Halilovic Mehmed, Meurers Thierry, Otte Karen, Prasser Fabian
Berlin Institute of Health at Charité - Universitätsmedizin Berlin, Medical Informatics Group, Charitéplatz 1, 10117, Berlin, Germany.
BMC Med Inform Decis Mak. 2025 Mar 12;25(1):129. doi: 10.1186/s12911-025-02959-z.
Sharing health data holds great potential for advancing medical research but also poses many challenges, including the need to protect people's privacy. One approach to address this is data anonymization, which refers to the process of altering or transforming a dataset to preserve the privacy of the individuals contributing data. To this, privacy models have been designed to measure risks and optimization algorithms can be used to transform data to achieve a good balance between risks reduction and the preservation of the dataset's utility. However, this process is computationally complex and challenging to apply to large datasets. Previously suggested parallel algorithms have been tailored to specific risk models, utility models and transformation methods.
We present a novel parallel algorithm that supports a wide range of methods for measuring risks, optimizing utility and transforming data. The algorithm trades data utility for parallelization, by anonymizing partitions of the dataset in parallel. To ensure the correctness of the anonymization process, the algorithm carefully controls the process and if needed rearranges partitions and performs additional transformations.
We demonstrate the effectiveness of our method through an open-source implementation. Our experiments show that our approach can reduce execution times by up to one order of magnitude with minor impacts on output data utility in a wide range of scenarios.

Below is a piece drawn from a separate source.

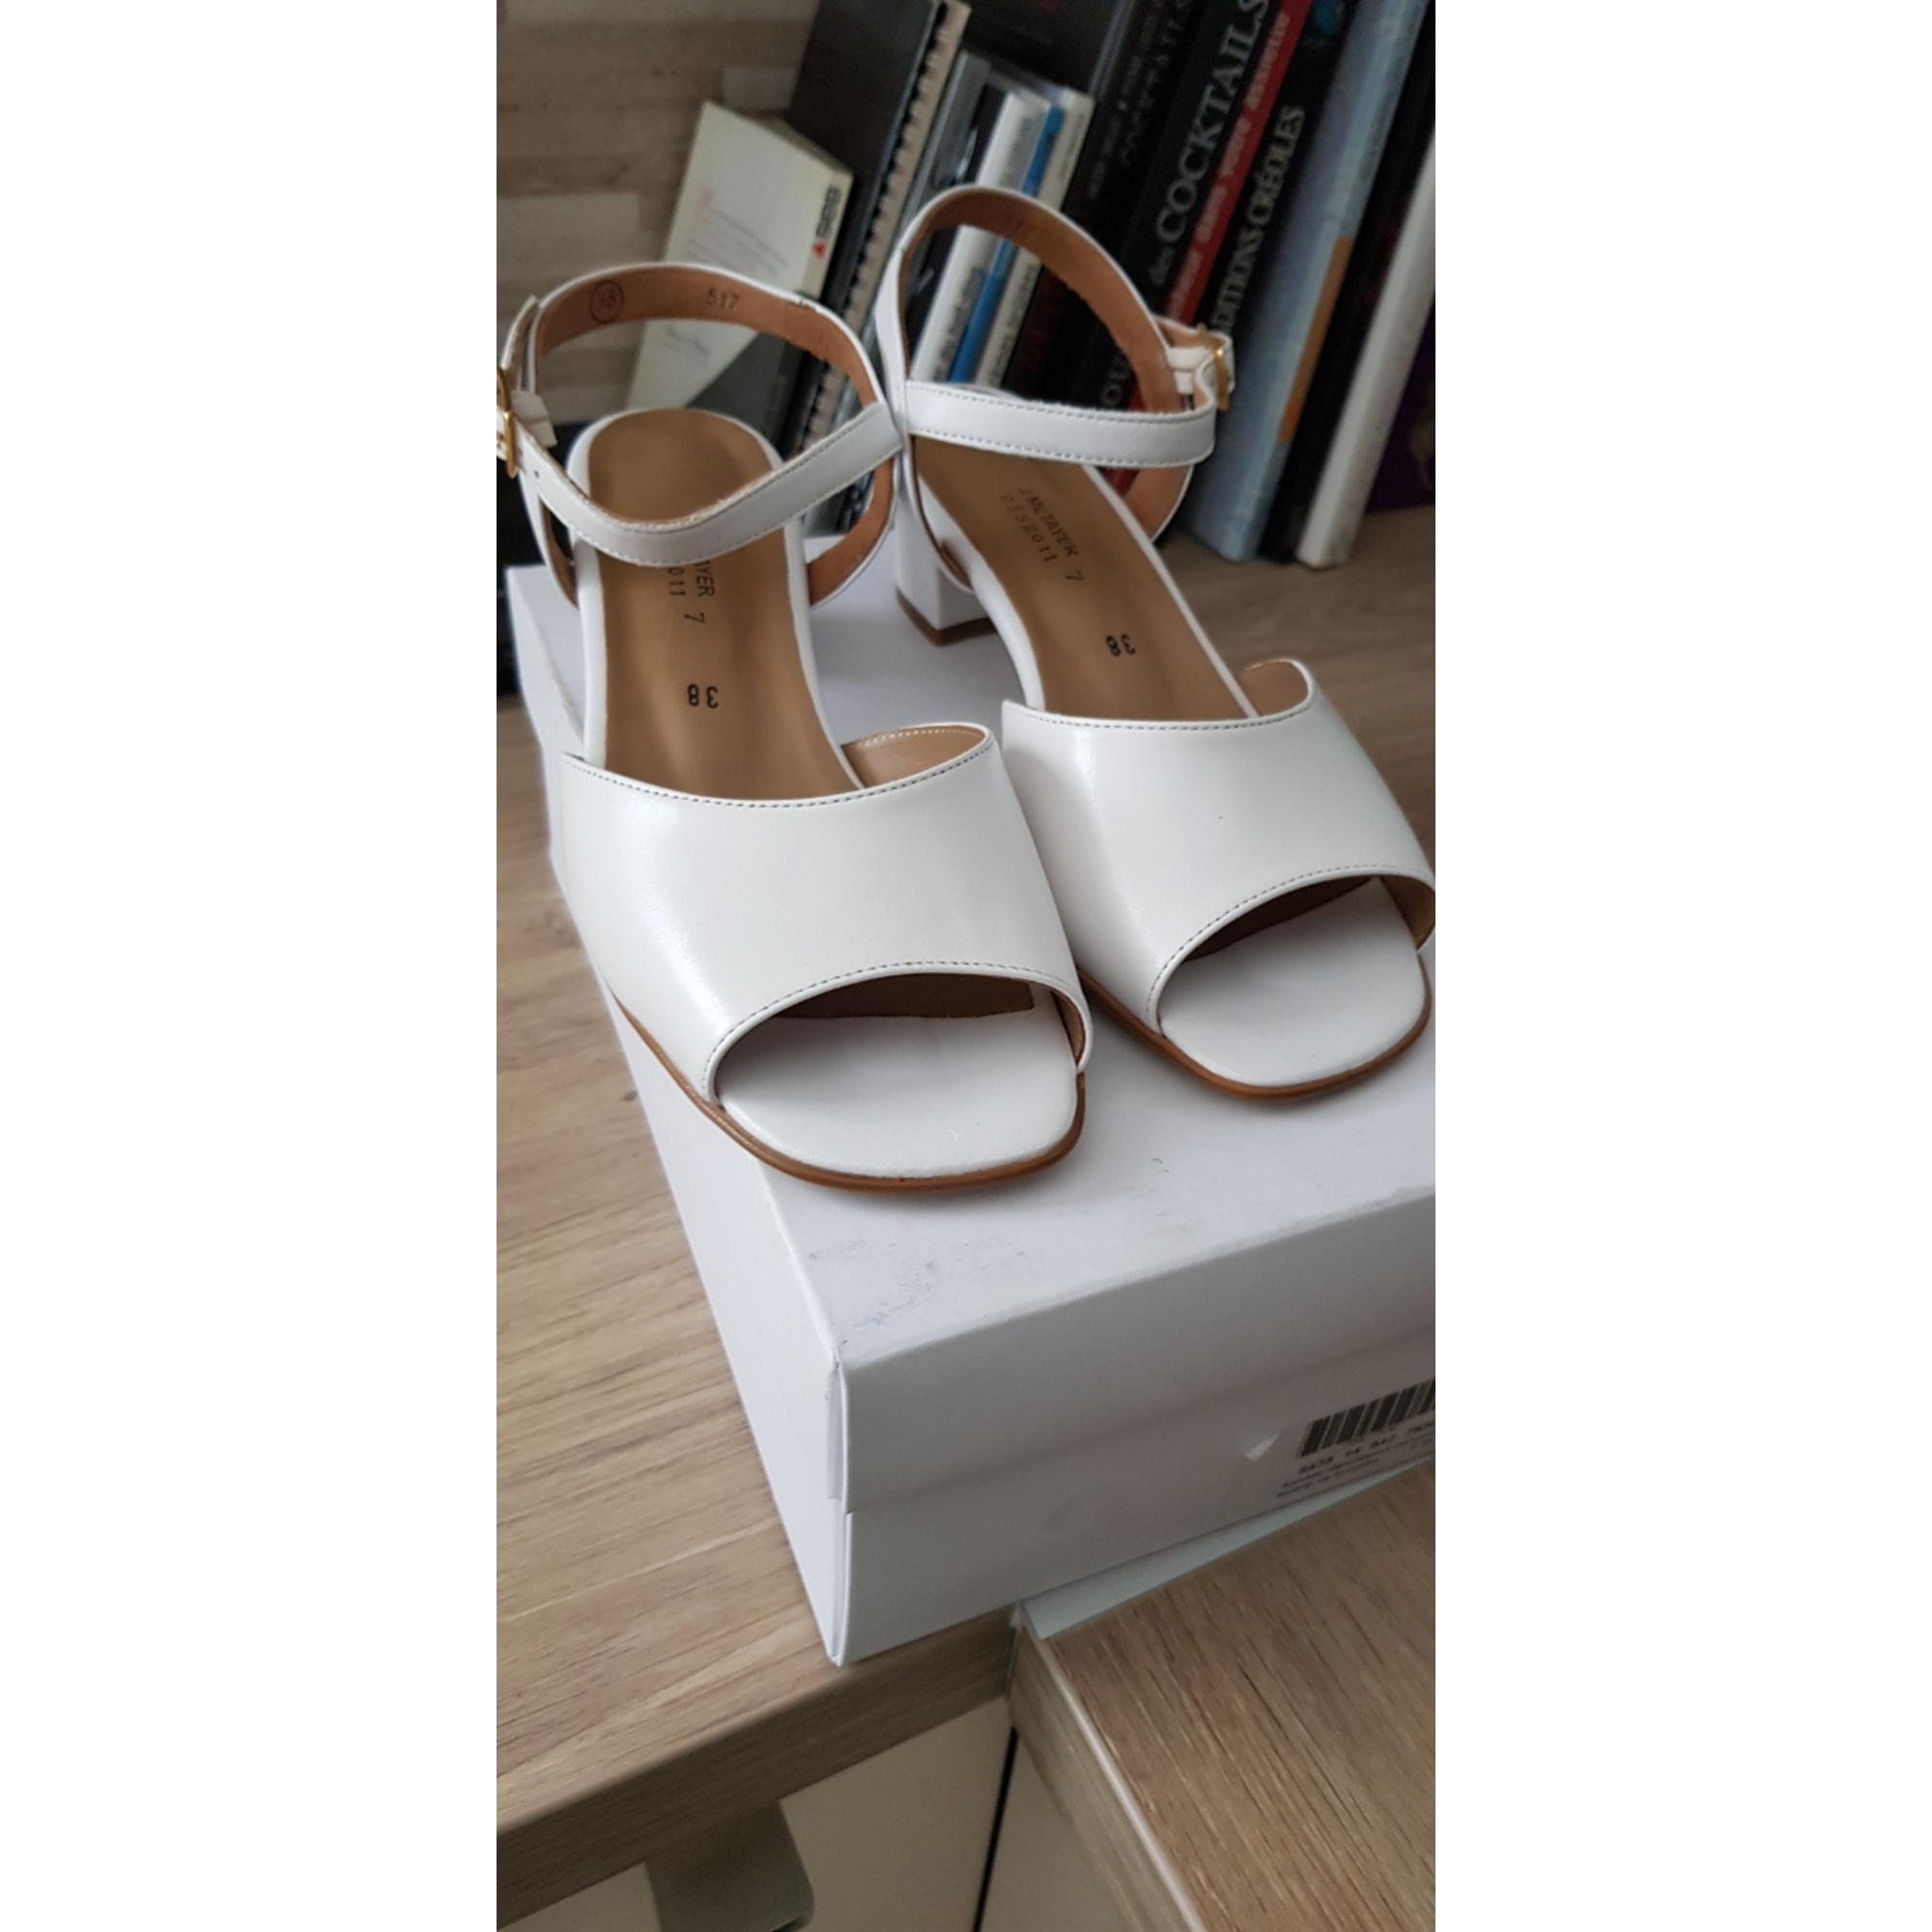 Sandales à talons MARQUE INCONNUE Blanc, blanc cassé, écru

Our novel P4 algorithm for parallel and distributed data anonymization is, to the best of our knowledge, the first to systematically support a wide variety of privacy, transformation and utility models.
共享健康数据在推动医学研究方面具有巨大潜力,但也带来了诸多挑战,其中包括保护人们隐私的必要性。解决这一问题的一种方法是数据匿名化,它指的是对数据集进行更改或转换的过程,以保护贡献数据的个人隐私。为此,已经设计了隐私模型来衡量风险,并且可以使用优化算法来转换数据,以在降低风险和保持数据集效用之间实现良好平衡。然而,这个过程计算复杂,难以应用于大型数据集。先前提出的并行算法是针对特定的风险模型、效用模型和转换方法量身定制的。
我们提出了一种新颖的并行算法,该算法支持多种用于衡量风险、优化效用和转换数据的方法。该算法通过并行匿名化数据集的分区,以牺牲数据效用为代价来实现并行化。为确保匿名化过程的正确性,该算法仔细控制过程,并在需要时重新排列分区并执行额外的转换。
我们通过开源实现展示了我们方法的有效性。我们的实验表明,在广泛的场景中,我们的方法可以将执行时间减少多达一个数量级,同时对输出数据效用的影响较小。
据我们所知,我们用于并行和分布式数据匿名化的新颖P4算法是第一个系统支持多种隐私、转换和效用模型的算法。